Margo Mayhem & Samson Night

Laurie Beechman Theater, Hell’s Kitchen

Margo Mayhem & Samson Night - Laurie Beechman Theater, Hell's Kitchen

Margo:
So there's a big Broadway fundraiser every year called Broadway Bears. It's like a huge event. It's 200 dancers. Everyone donates their time. If you win the whole thing, you get like a crown and a sash. I was so close to winning the whole thing, but someone beat me.

Samson:
And that someone was me.

Margo:
And it was his first time doing the show. He had never done it before. But, you know, also, a black man has never won. So that was a really big deal, and a straight man has never won. So that's a whole thing. Whatever. But I was really mad about it. I had been kind of clocking him on the internet because, we were neck and neck for a long time, and then he just beat me. I literally went up to him backstage and I was like, “So you're…” And he goes, “Yeah, I know who you are.” And that's literally how we met. Like, that was the first time. Our numbers were back to back in the show you were performing in. So we kept running into each other.

Samson:
And I asked her out for pancakes.

Margo:
Yes. That the day after.

Samson:
The day after. So the short answer to your question ‘How do we know each other?’, we’re partners.

Margo:
Yes. Sorry. That right. I forget that's not a thing people know. Yes. Yes. We are together. We live together. We work together. We are partners in all the senses. I forget that people don't know us. So, like that's a thing. Yes, yes, yes. We are partners and partners.

Samson:
The first part, during that morning, before my matinee, we had pancakes. Then the second part of our day, that same day, she said, “I'm leaving town for a couple of days. I really want to see you again after your show. Meet me down here at The Slipper Room…”

Margo:
The part he's not telling you is, one, I got really drunk that afternoon. I went up to a friend's house and I, like, drank an entire bottle of wine by myself. So I was like, “Hey, I'm going out of town and I really want to kiss you before I leave town…” is, I'm pretty sure, what I said, because we had we hadn't that morning.

And so I literally was like, “I need to kiss you before I leave town. Come to The Slipper Room.” He's like, “What's The Slipper Room?” I'm like, “Don't worry about it.”

Samson:
So I meet her at The Slipper Room, and that was actually my first time experiencing burlesque at the outside of like Broadway Bears, like period.

Margo:
Or like, videos.

Samson:
Except for like videos and stuff. So we met and had like the second part of our first date there and she had already been performing. Then after about, I guess, about six months of us dating, she asked me to do a duet with her. We went from it's like literally, like our entire lives were either at our Broadway show or in a burlesque show.

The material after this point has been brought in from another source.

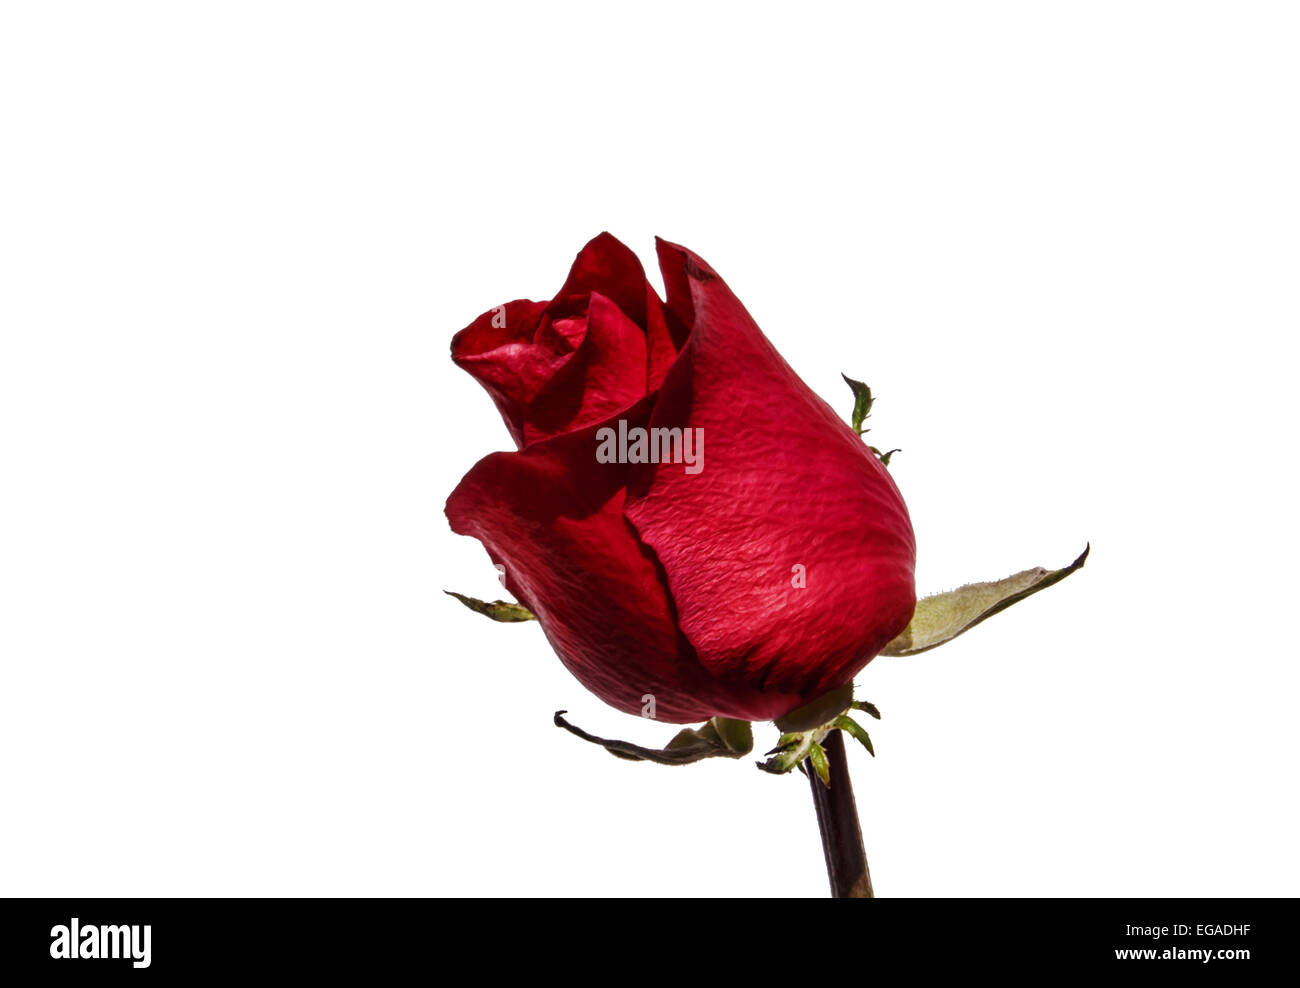 Red rose on a white background alone. Stock Photo

And that was pretty much, you know, eight times a week plus burlesque.

Margo:
Plus burlesque. So we were working all the time.

Samson:
Yeah, but so that was a huge pivot to just not having any kind of creative outlet, especially early on, is like, you know, we were creating content that was like when everybody was really excited about, you know, singing videos and stuff like that. We, you know, we created a couple of things together that way and performed some online concerts and stuff like that.

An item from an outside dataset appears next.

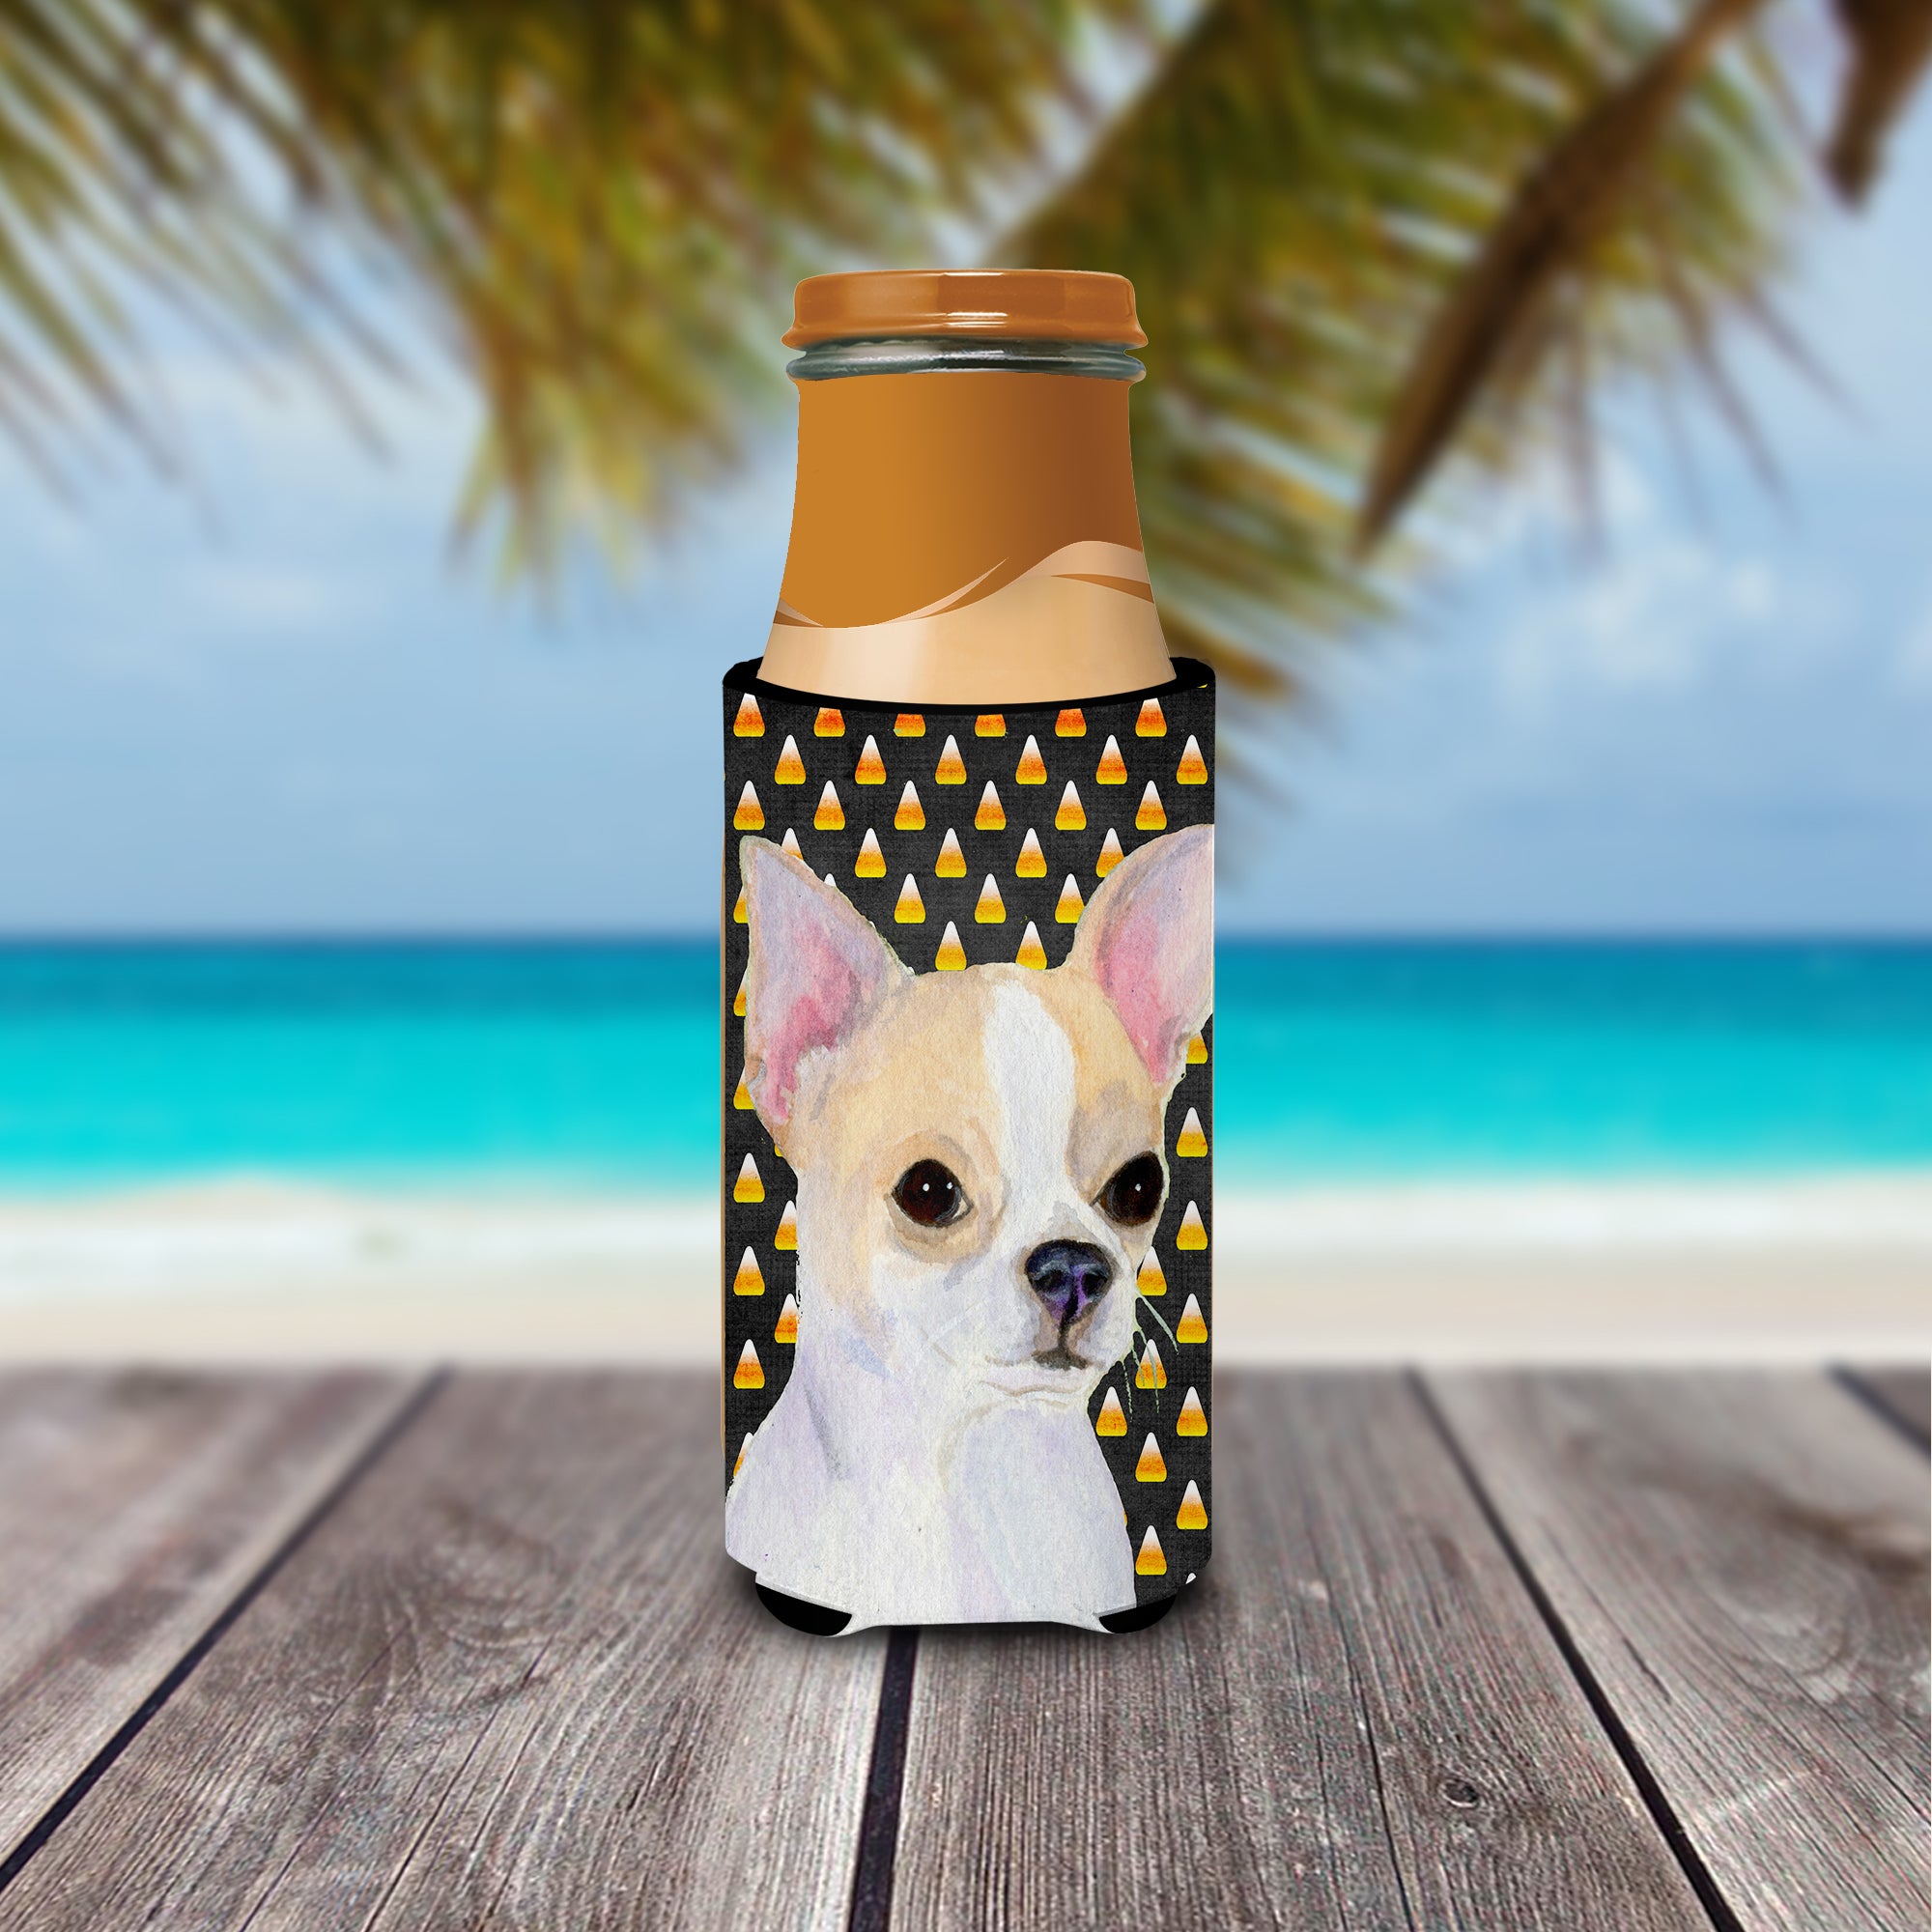 Chihuahua Candy Corn Halloween Portrait Ultra Beverage Insulators for slim cans SS4267MUK.

But it was like, I feel like the burlesque community really did a great job of pivoting immediately for virtual shows, more so than like the Broadway and Theater theater communities.

Margo:
We've been doing completely different acts because it felt weird to do something that we did in a stage setting in this very intimate, tiny space. And so we basically like took costume pieces we already had and some ideas that we already had for other stuff and built all new things basically for the pandemic.

Samson:
As far as everything, especially that happened over the summer, I got booked for a show and it was all prerecorded acts. Then Breonna Taylor's murder happened and it felt so insignificant to be putting out the show with that at that time that the cast, you know, we got together and I think there were two people of color in the cast.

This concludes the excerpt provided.